Another thing VALERIAN has working against it are the two leads. Not only does the poor material not afford them fleshed-out, three-dimensional characters, but the character traits exhibited don’t work at all. There are no standout hero moments for either of the characters, though I suppose the pair are on equal ground as Laureline is – albeit briefly (roughly five minutes) – tasked with “rescuing” Valerian. Then Valerian must turn around and rescue her, which takes up a much larger portion of the film.
DeHaan, who I think is a decent talent in other films, is wildly miscast.

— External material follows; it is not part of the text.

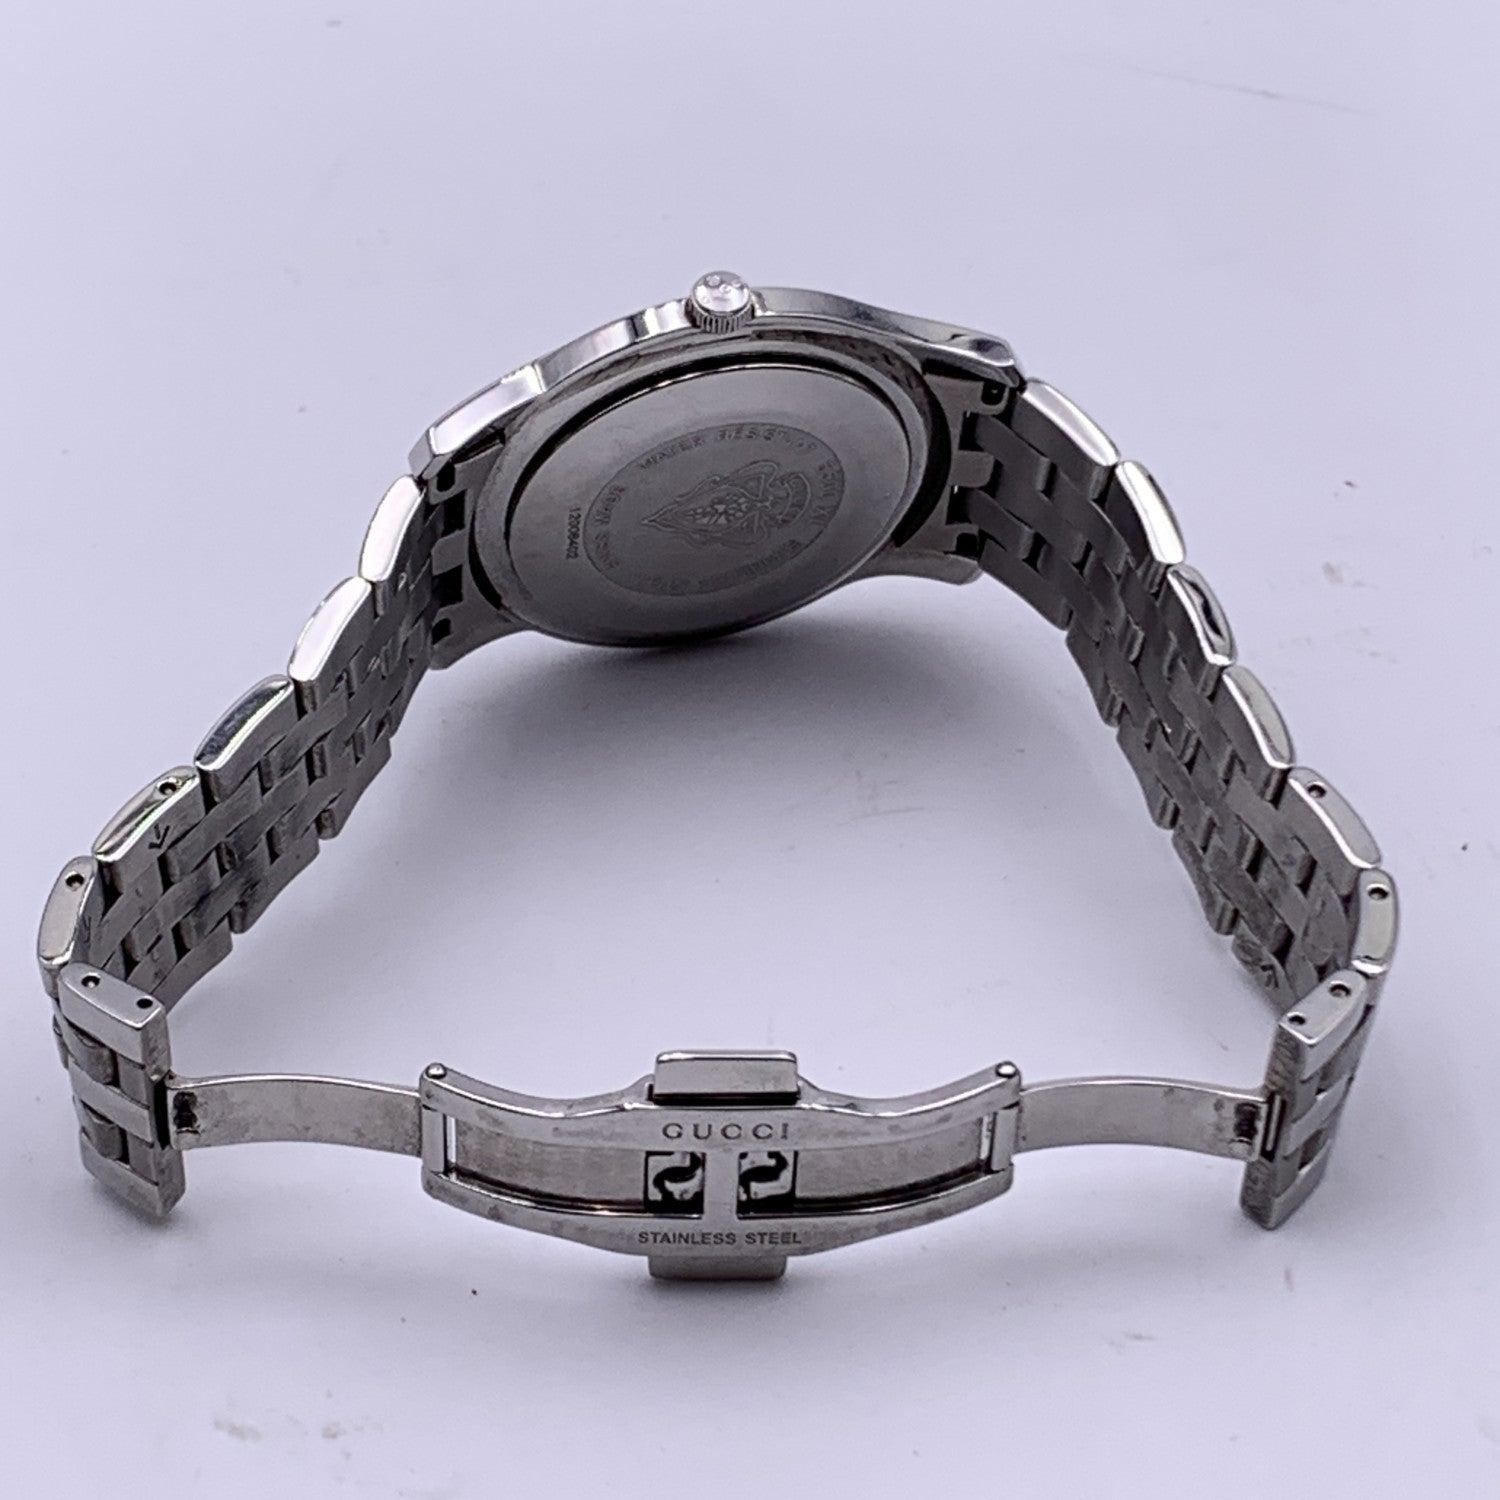 Silber-Edelstahl-Armbanduhr Mod 5500 XL von Gucci mit schwarzem Zifferblatt für Damen oder Herren

It’s clear he’s putting forth his best Han Solo impression, but in his hands, it comes across as weird and smarmy. When it comes to his character, Besson’s adaptation does a lot of telling and not showing – so we never see nor feel the weight of his womanizing and repentance. Delevingne, who assuredly has beauty and some cinematic charisma, is marginally better in the unattainable Princess Leia role. Truth be told though, she’s got zero chemistry with DeHaan. Their casting seems unusual given neither of them are names that, to use the studio executive parlance of our time, “put asses in seats.” Had this been two French leads – say Romain Duris or Nicolas Duvauchelle and Alice Pol or Sara Forestier – their relationship would be endearingly cheeky fun. As is, their witty repartee doesn’t ignite the necessary sparks.
VALERIAN AND THE CITY OF A THOUSAND PLANETS opens on July 21.